Venezuela's fate hinges on Russia and China
On Monday, reports surfaced that Russia is securing further access to Venezuela's oil reserves. The news came on the heels of Saturday's PDVSA announcement that its revenues have dropped sharply.
In this context, Russian oil company Rosneft has become an important intermediary to sell the Latin American country's oil on the international market. At least since the beginning of the year, PDVSA has been negotiating with Rosneft behind closed doors about an investment in nine of the most productive oil fields, according to insider information.
Rosneft, Russia's largest oil producer, said in early August it lent around $6 billion in pre-payments to Venezuelan state oil company PDVSA and had no immediate plans to make any further advance payments soon.
Maihold noted Russia's interest in Venezuela is not only of geoeconomic but also of geopolitical nature. "Russia has been trying to push back the US in its own backyard for some time," he told DW.
In April alone, a high-ranking PDVSA employee said, Rosneft paid more than $1 billion in exchange for a promise for later oil deliveries. Russian money has been used on at least two occasions to avoid a payment default, according to the same source.
Neither the two governments nor their oil companies agreed to comment on the case.
Besides Russia, China has been the biggest lender to Venezuela. Between 2007 and 2014, China loaned around $60 billion to Venezuela to be repaid in oil, which was sold for around $100 a barrel at the time. But with oil prices sinking below $50 since 2015 and Venezuela struggling to provide the production needed, Beijing quietly shut off the credit.
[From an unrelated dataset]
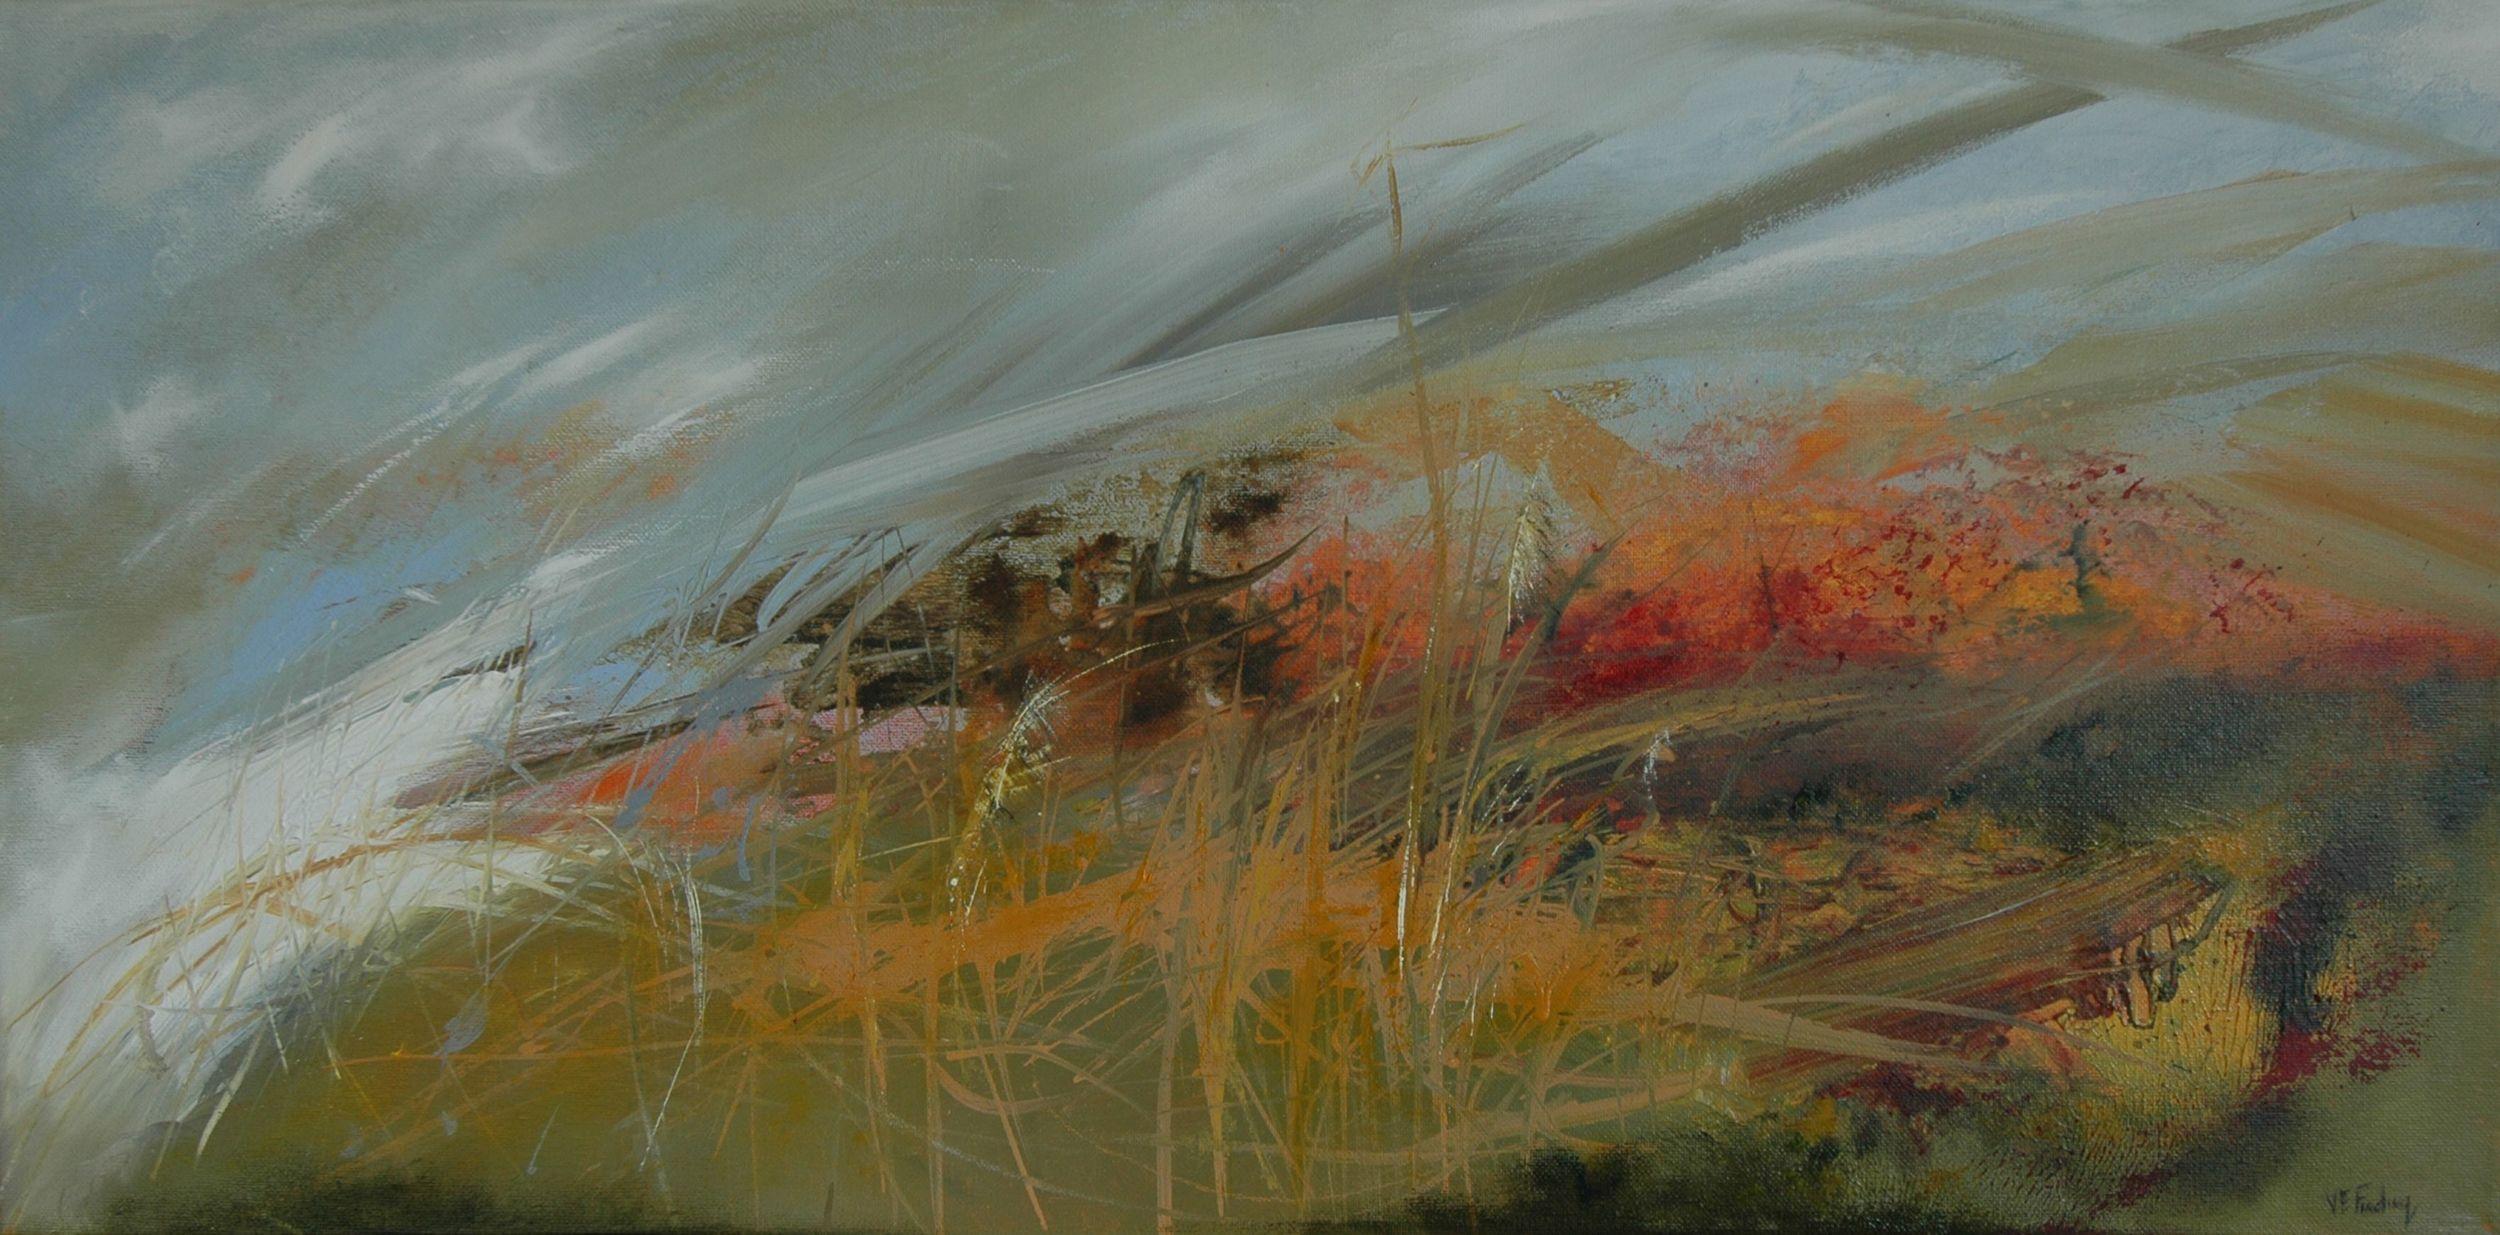 Vicky Finding - Nantucket - oil on canvas - 92cm x 46cm.jpg

It recouped some of what was lent, but is still owed "a great deal," said Francisco Monaldi, an energy policy expert at Rice University's Baker Institute in Texas and director of the Center for Energy and the Environment at the IESA business school in Caracas.
"China is making some sort of imperial outreach Venezuelan oil resources," said Maihold, noting the irony given that "the Maduro government has been criticizing the US for future exploitation of Venezuelan oil fields."
Xi Jinping and Nicolas Maduro at a 2013 meeting in Beijing, China. Around 40 percent of Venezuelan oil exports is used to repay loans extended by China and Russia.
Maihold also said that due to technical issues, PDVSA is ten months behind on its shipments to China, which consequently "might not be very keen to offer additional money." According to analysts, years of neglect have seen PDVSA's infrastructure become rundown and exploration curbed, resulting in said declining production.
To Maihold, the grand question is how much longer Venezuela can go down the "oil for loan" road before Russia and China "lose their patience."
And Alejandro Márquez-Velázquez, an expert on Latin America with the Free University of Berlin, believes due to "lack of reforms and investments in the oil industry and the economy at large," a national insolvency is "a matter of when, not if."
The consensus among experts is that the Maduro regime's desperate efforts to keep the economy artificially afloat is only delaying the inevitable.
Could the debt crisis force a regime change?
Venezuela defaulting on its debt might come about as soon as October or November, when a hefty $3.8 billion in bond payments need to be paid by Venezuela and PDVSA.
Those amortizations "are a challenge, but the government likely will pay," Andres Abadia, senior economist at Pantheon Macroeconomics looking at Latin American issues, said in a July briefing note. Nevertheless, he said, Venezuela was running out of cash and "we expect the situation to get much worse."
"The likelihood is rising that a deterioration of the current recession/near-hyperinflation economic scenario, and the political crisis, will trigger regime change," he said.
But Maihold said talking about a regime change at this point in time is purely speculative. "No one knows who would be in a position to assume power and re-arrange functions of state and private enterprises," he told DW. "It is totally unclear how a transition government would look like."